Rule: When U.S. has extraterritoriality jurisdiction (based on the Sherman


Antitrust Act), the test to decide whether U.S. should exercise that jurisdiction
is by balancing the substantial nature of the effect on U.S. commerce with the
conflict of law and policy with the other nation. No conflict of law exists where
a person subject to regulation by two states can comply with the laws of both (the
question to ask is whether the person is able to comply with both laws).

· The majority opinion has been highly criticized.

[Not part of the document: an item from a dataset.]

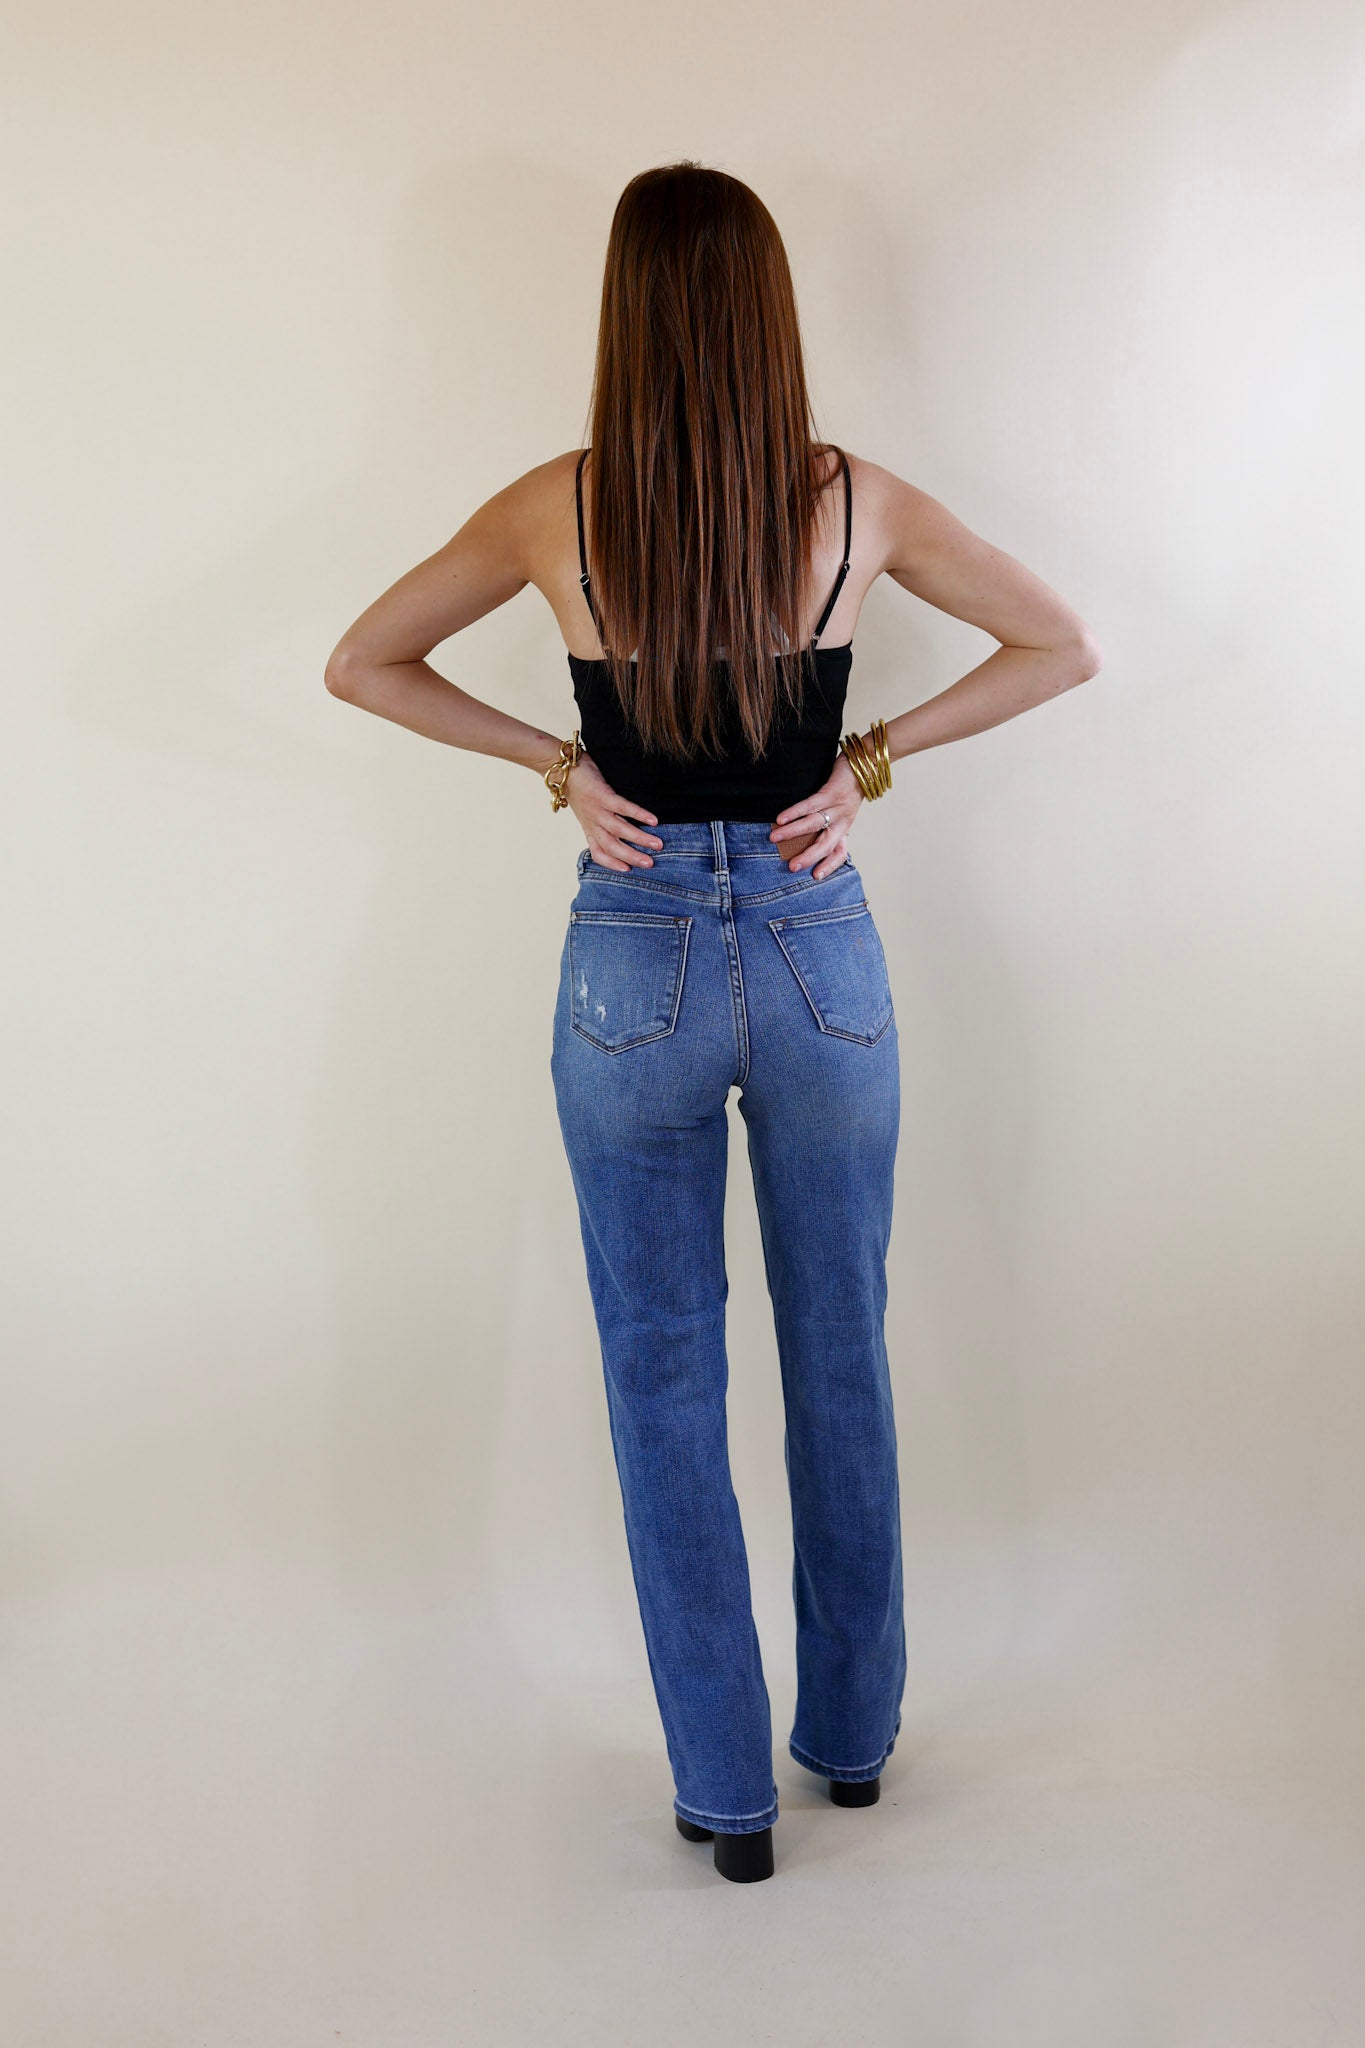 Judy Blue | Festival Feels Tummy Control 90's Straight Leg Jeans in Medium Wash - Giddy Up Glamour Boutique
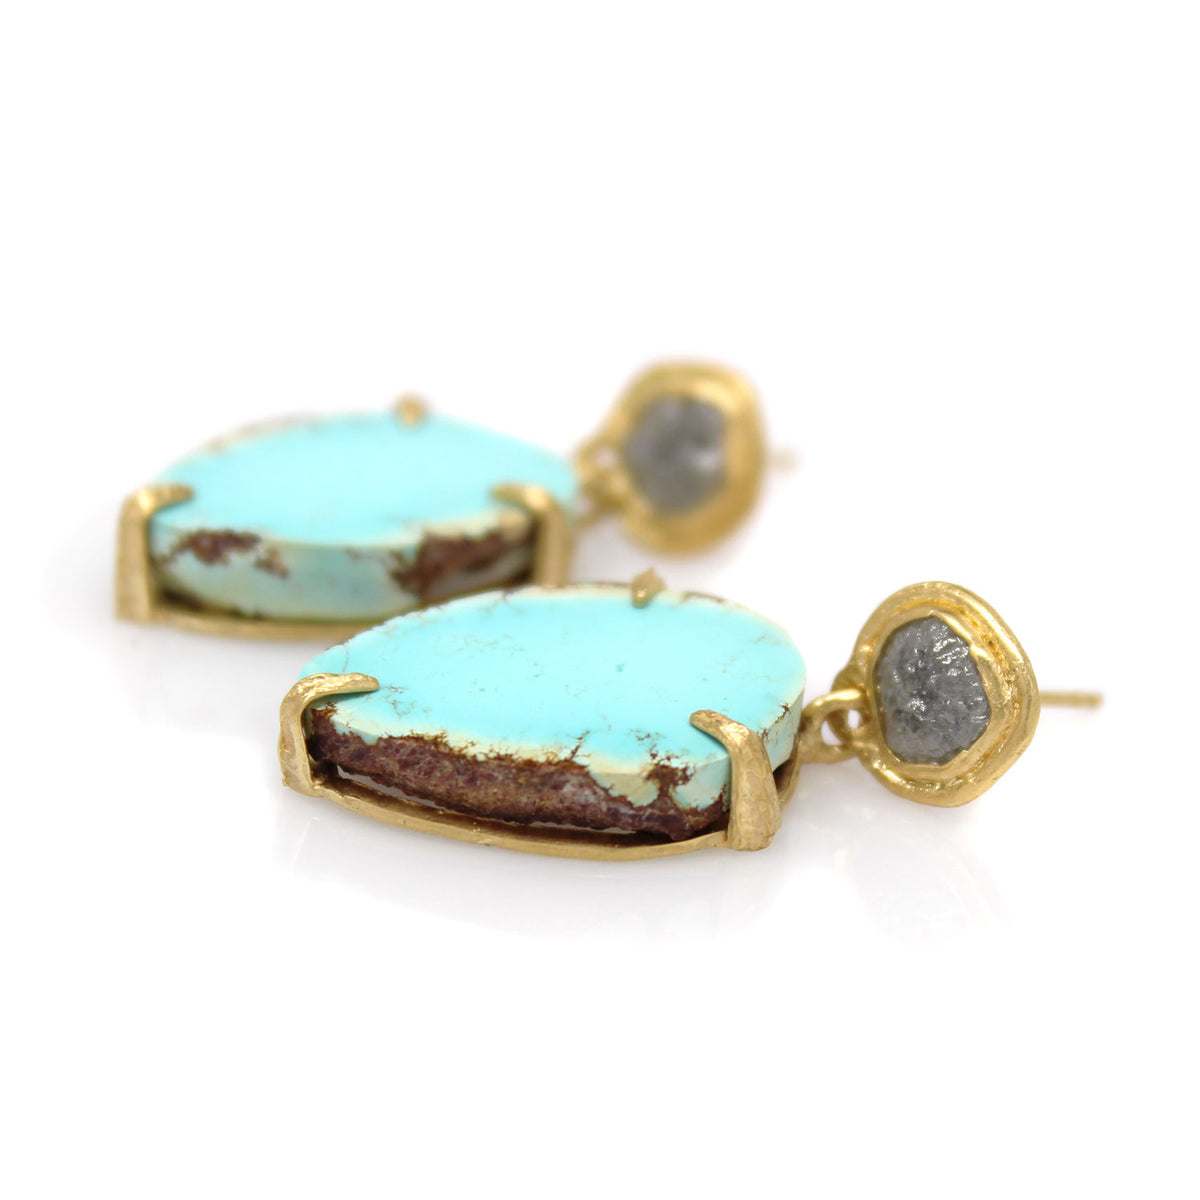 One-of-a-Kind Diamond and Turquoise Earrings

○ Policy implication - Page 812, note 3
Dissent: (Justice Scalia) The dissent acknowledged that the federal courts had
jurisdiction over this case, and that the Sherman Act could be applied
extraterritorially, so long as the foreign acts complained of were directed into
the United States. Nevertheless, Scalia contended that the actions of the U.S.
courts showed a lack of judicial respect for the comprehensive regulatory scheme
enacted by the UK. Although Congress may have intended the Sherman Act to apply to
acts originating abroad, it was unreasonable to assume that Congress intended to
apply the antitrust laws where they would be disruptive of another country's
legislative scheme.
○ Scalia doesn’t like to use comparative law as persuasive law, but is ok
with binding int'l law
○ Says: we have to construe Congress statutes that they don’t violate int'l
law (the law of nations)
o He uses a reasonableness test (pg 809) (like the Timberlane balancing
test)
□ Similar to Totality of circumstances test
□ He lists a number of factors to consider
○ He ultimately concludes that there is a conflict of law (but doesn’t use
the same test as Souter)
o There is a conflict of law because it is unreasonable
□ UK has such strong interests in having a stake in this case, it
weighs in favor of UK
® UK has a heavy interest in regulating the insurance
activity
□ Comity - if we took on jurisdiction, we would really be
disrespecting UK law
· Key Take-away
○ Souter - conflict of law test
○ Scalia - reasonableness test

Notes:
· More on comity
○ Comity is a complex & elusive concept - Since comity varies according the
factual circumstances, the absolute boundaries of the duties it imposes are
inherently uncertain.
○ Central precept of comity - when possible, the decisions of foreign
tribunals should be given effect in domestic courts, since recognition fosters
int'l cooperation and encourages reciprocity, thereby promoting predictability and
stability through satisfaction of mutual expectations.
o The interests of both forums are advanced
□ The foreign court b/c its law and policies have been vindicated
□ The domestic country b/c int'l cooperation ties have been
strengthened
○ Comity is a necessary outgrowth of globalization. With the movement among
nations, national interests cross borders. So every nation must often rely on
other countries to achieve its regulatory expectations.
○ Limitations to the application of comity
o When the foreign act is inherently inconsistent with the policies
underlying comity, domestic recognition of those policies defeats the goals of
comity. Therefore, no nation is obligated to enforce foreign interests which are
prejudicial to those of the domestic forum. Comity expires when the strong
public policies of the forum are impaired by the foreign act.
· Criticism of Souter's test as used in this case - basically, that means that US
forums would give more deference to the laws of nations that have substantially
different laws than our own (like favoring monopolistic practices) instead of
giving deferential treatment to laws of nations who have the same goals we do, but
just not as strict laws. This doesn’t make sense though.
○ Also doesn’t really get along with globalization. We need a more outward-
looking and cooperative economic policy so we should more often defer to foreign
states, and not make an assumption that our laws are the best.